What needs to be done: Nothing but the lines from the start of the entries through the line holding "I hope to travel" is to be repeated, exactly and with pictures excluded.

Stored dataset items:
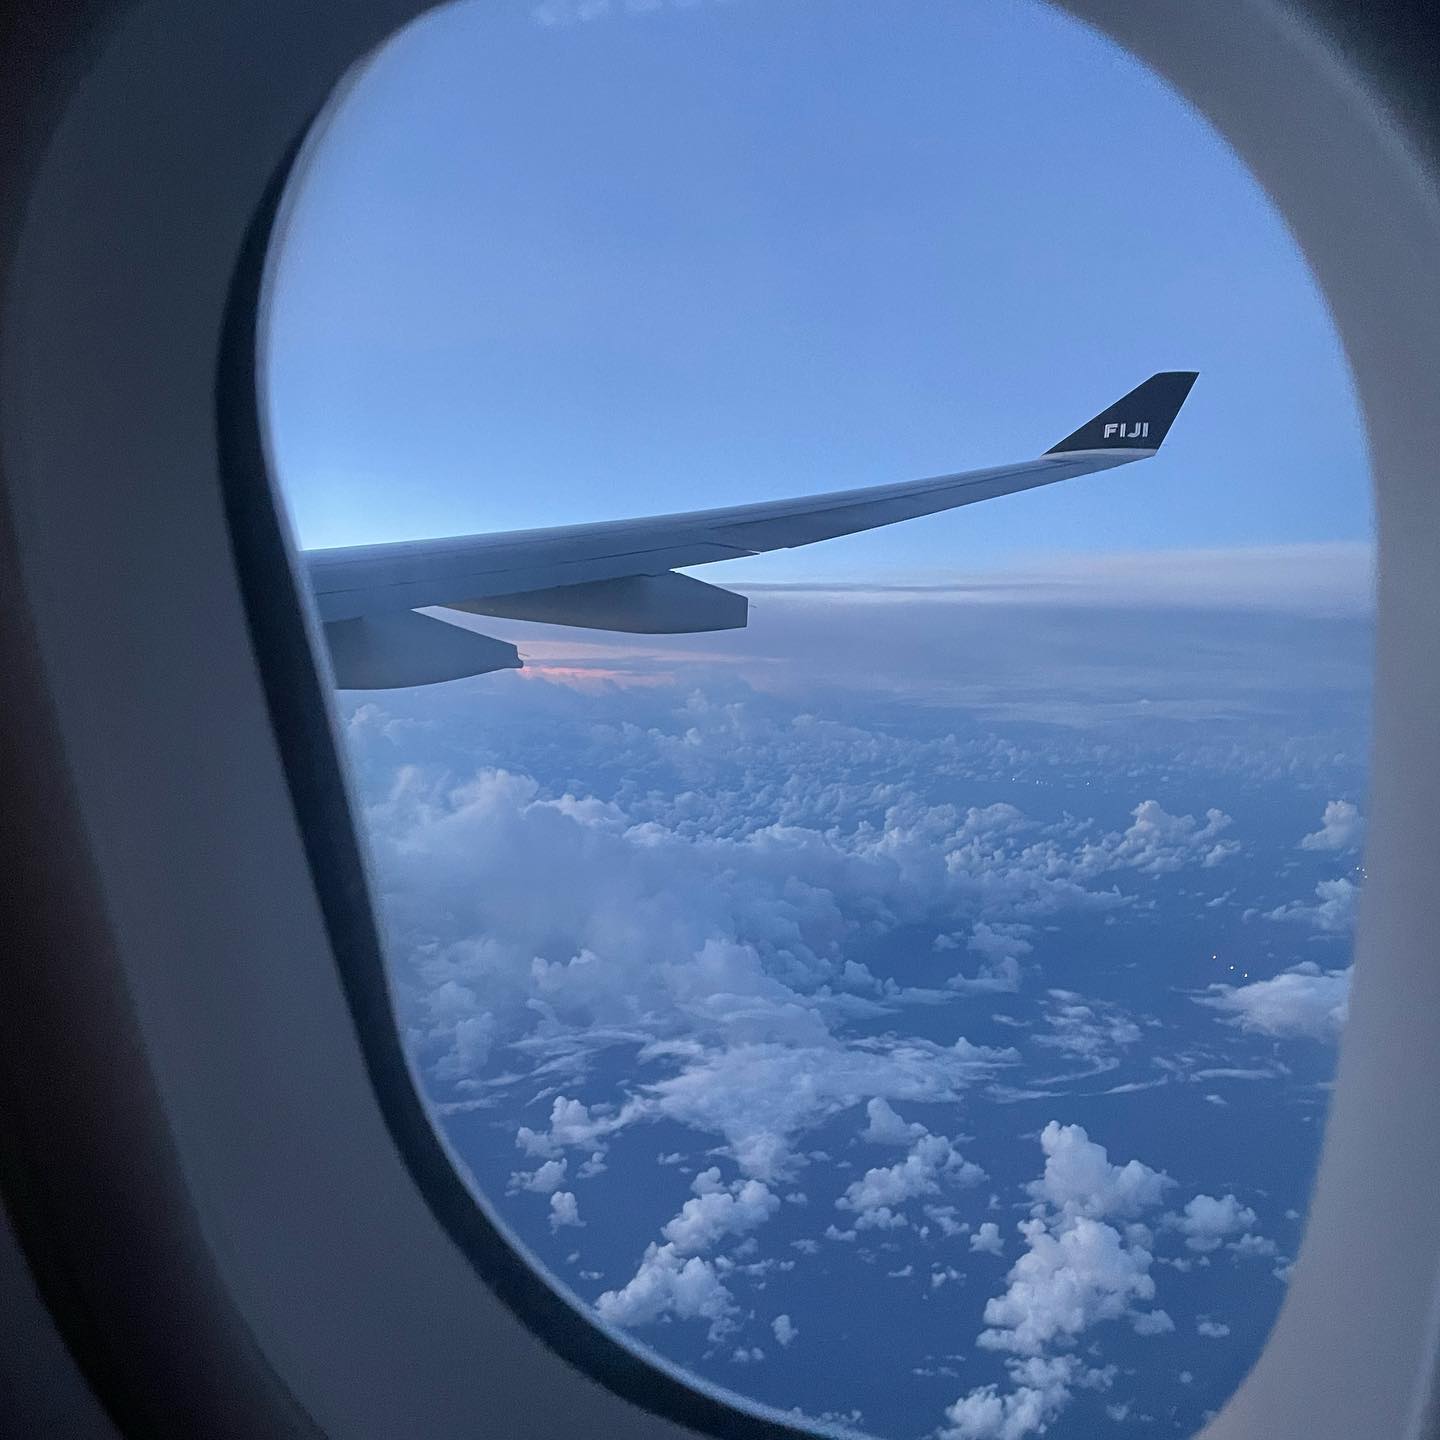 This view I already saw so many times the last 1,5 years! And it never gets boring 😍 
I hope to travel for much longer. But after Fiji and Australia.. Ow boy… 🙈 
I love it that I went all the way to the other side of the planet. But my bank account is not happy 🤣 
Now I’m in Bali I’m going to do some more slow traveling again. But unfortunately many countries in Asia only have 30 day visas. So traveling very slow is not possible. Also in Indonesia I’m going to extend my visa for only once. And after 2 months I need to leave the country 😭 Of course 2 months is not enough for Indonesia. So probably I fly back to Malaysia or Singapore with the cheapest flight and after that back to Indonesia! 👍🏻👍🏻 Because I want to see Lombok, Flores and the Komodo Islands and maybe Java and maybe Sumatra.. 😂 Which Indonesian island is your favorite island? 

#travelislife #roundtheworldtrip #airplaneview #wereldreis #reizen #travelmore #backpackersintheworld #travelingthroughtheworld #reisefieber #reisverslaafd #reiswijven #passportlife #backpackinglife #viewstodiefor #passportready #reizenoverdewereld #instatraveling #igdaily #wanderer #indonesie #travelslow

Response area:
 This view I already saw so many times the last 1,5 years! And it never gets boring 😍 
I hope to travel for much longer. But after Fiji and Australia.. Ow boy… 🙈 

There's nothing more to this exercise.